• _Instructions for the task_
Output all of the data exactly as it appears, but leave out any pictures it contains.

• _Supplied data_
● ● ●

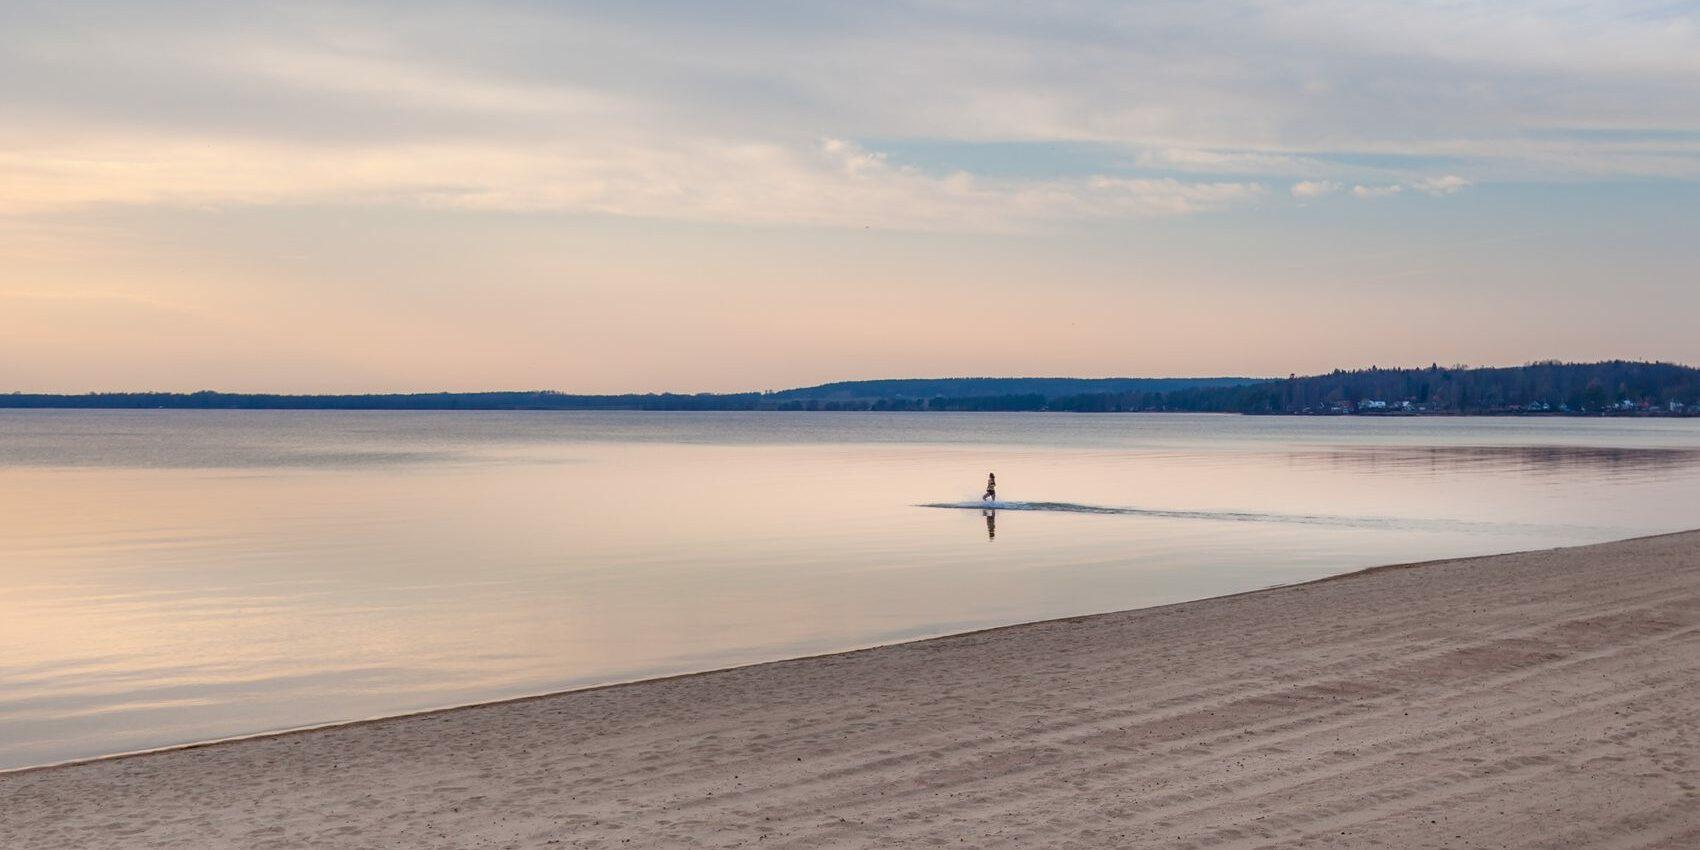 Skyning över en sandstrand med helt stilla vatten. En person badar i vattnet.
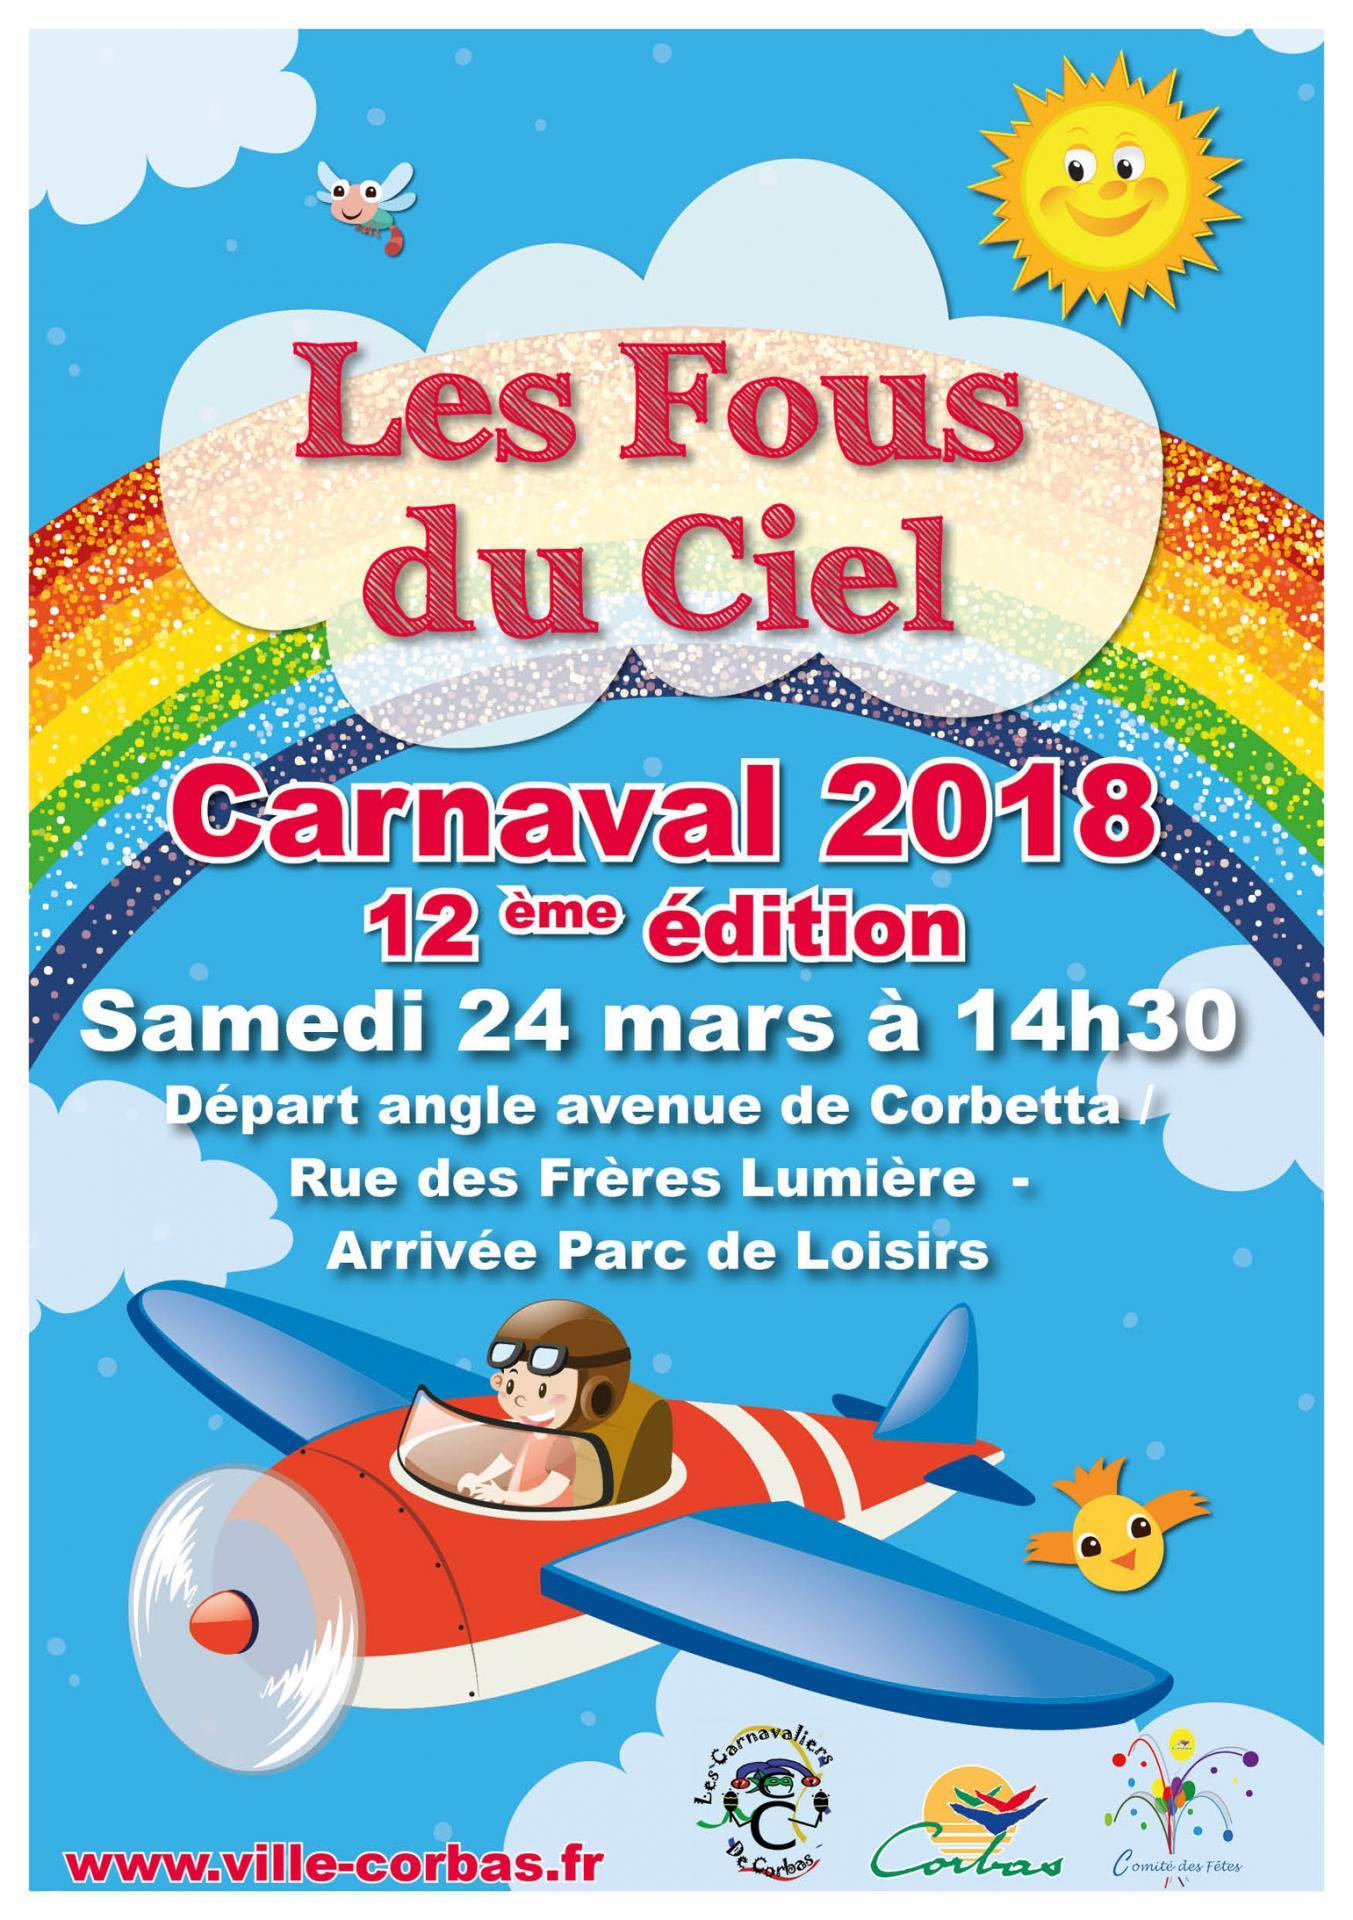 Carnaval de corbas
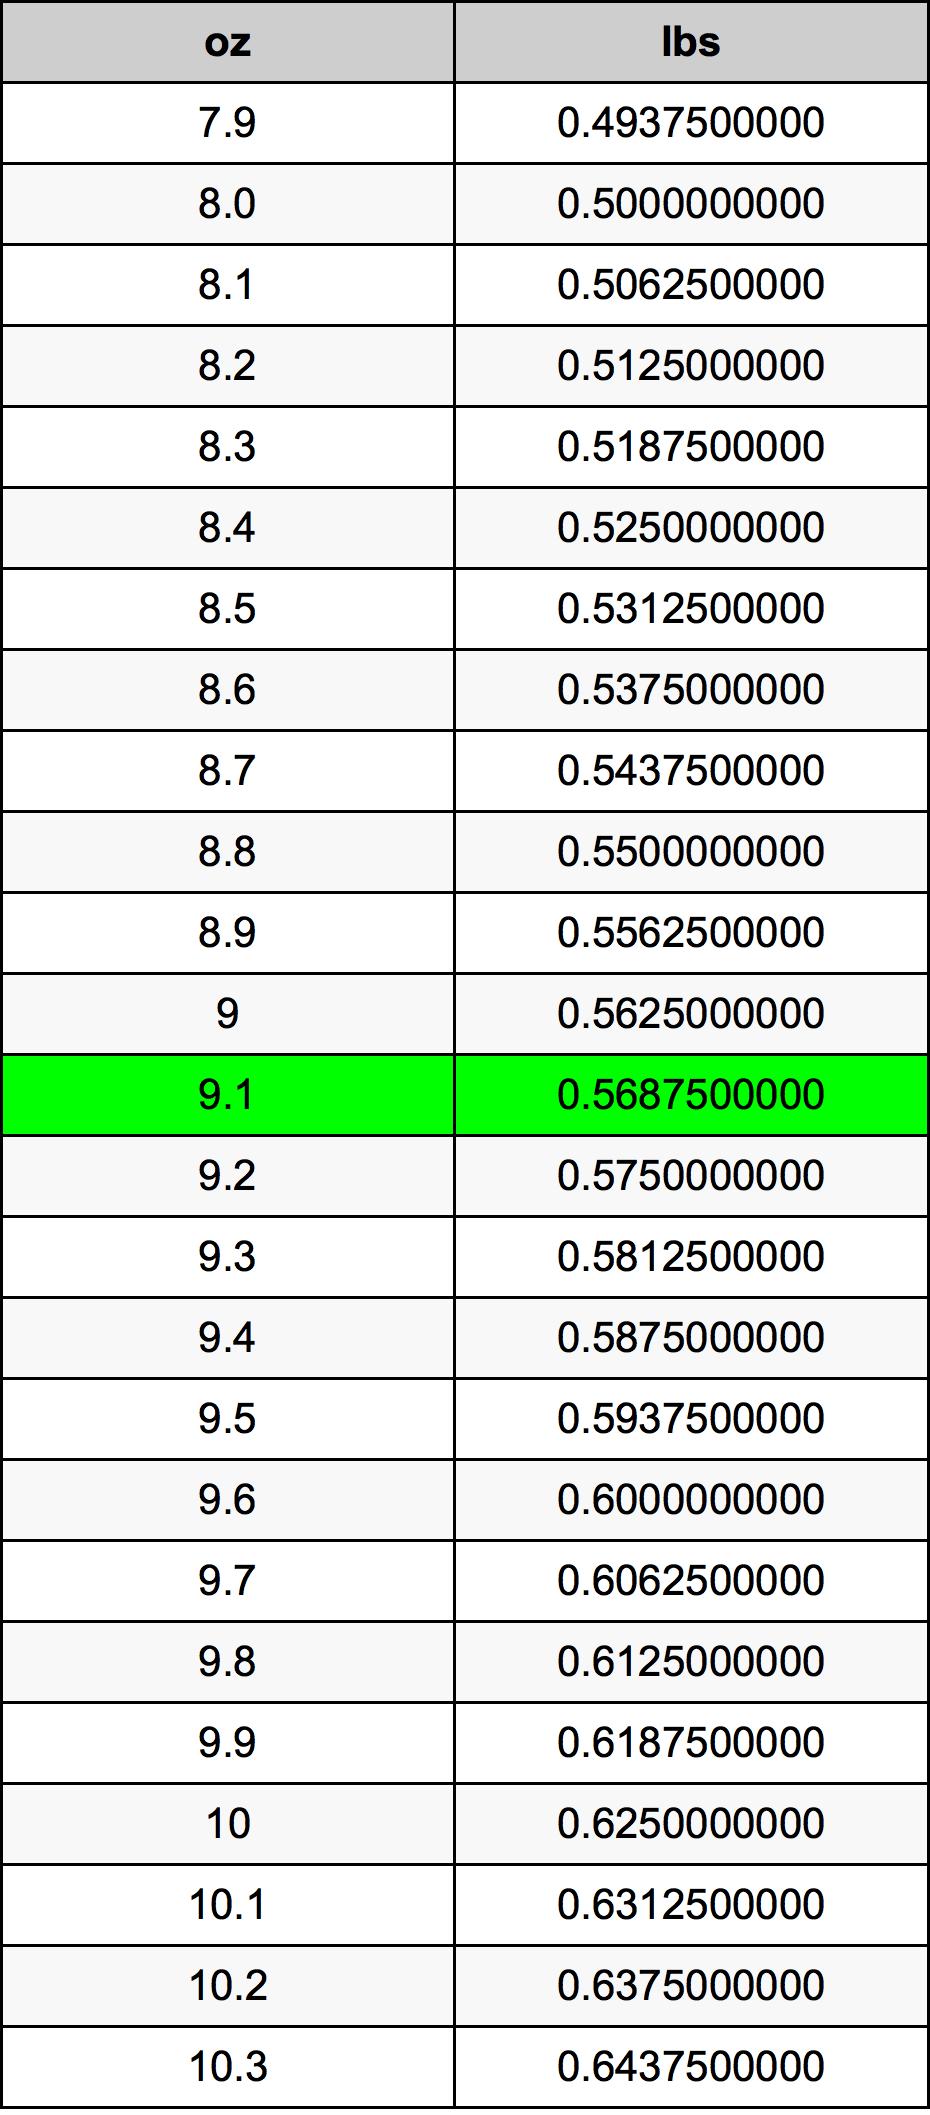 9.1 Ounces To Pounds Converter | 9.1 oz To lbs Converter
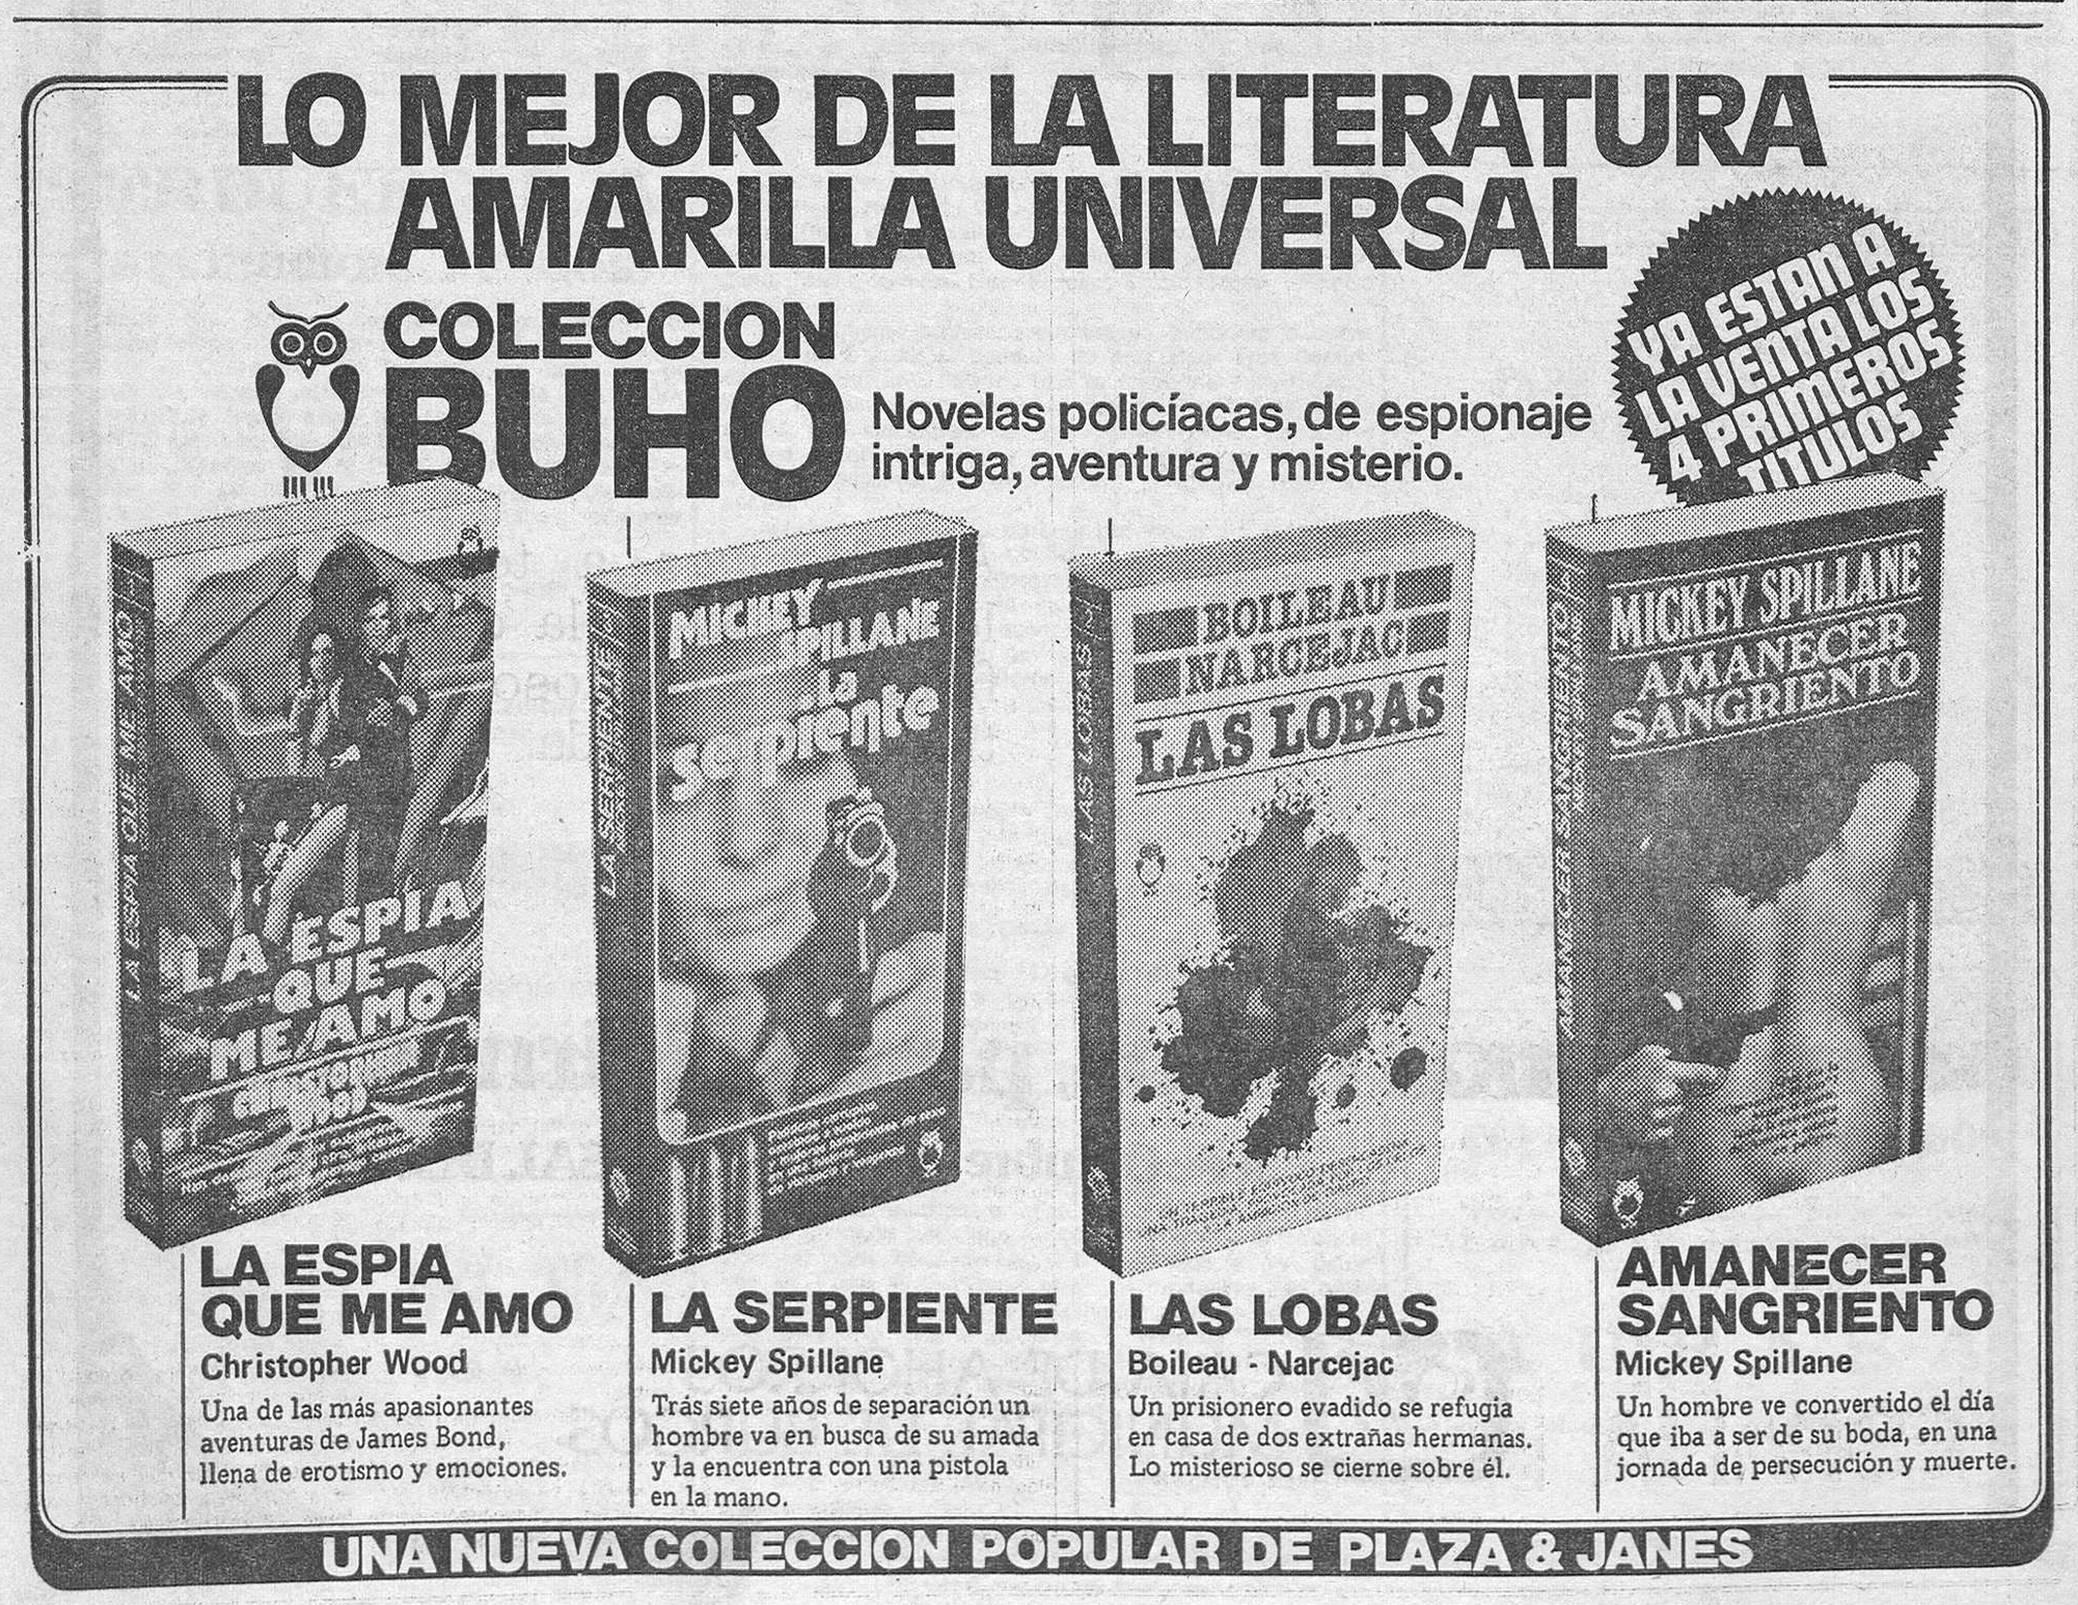 10-1979-10-31-Diario-de-Burgos-Novelizacion.jpg

● ● ●

• _Solution to the problem_
 Skyning över en sandstrand med helt stilla vatten. En person badar i vattnet.
 Carnaval de corbas
 9.1 Ounces To Pounds Converter | 9.1 oz To lbs Converter
 10-1979-10-31-Diario-de-Burgos-Novelizacion.jpg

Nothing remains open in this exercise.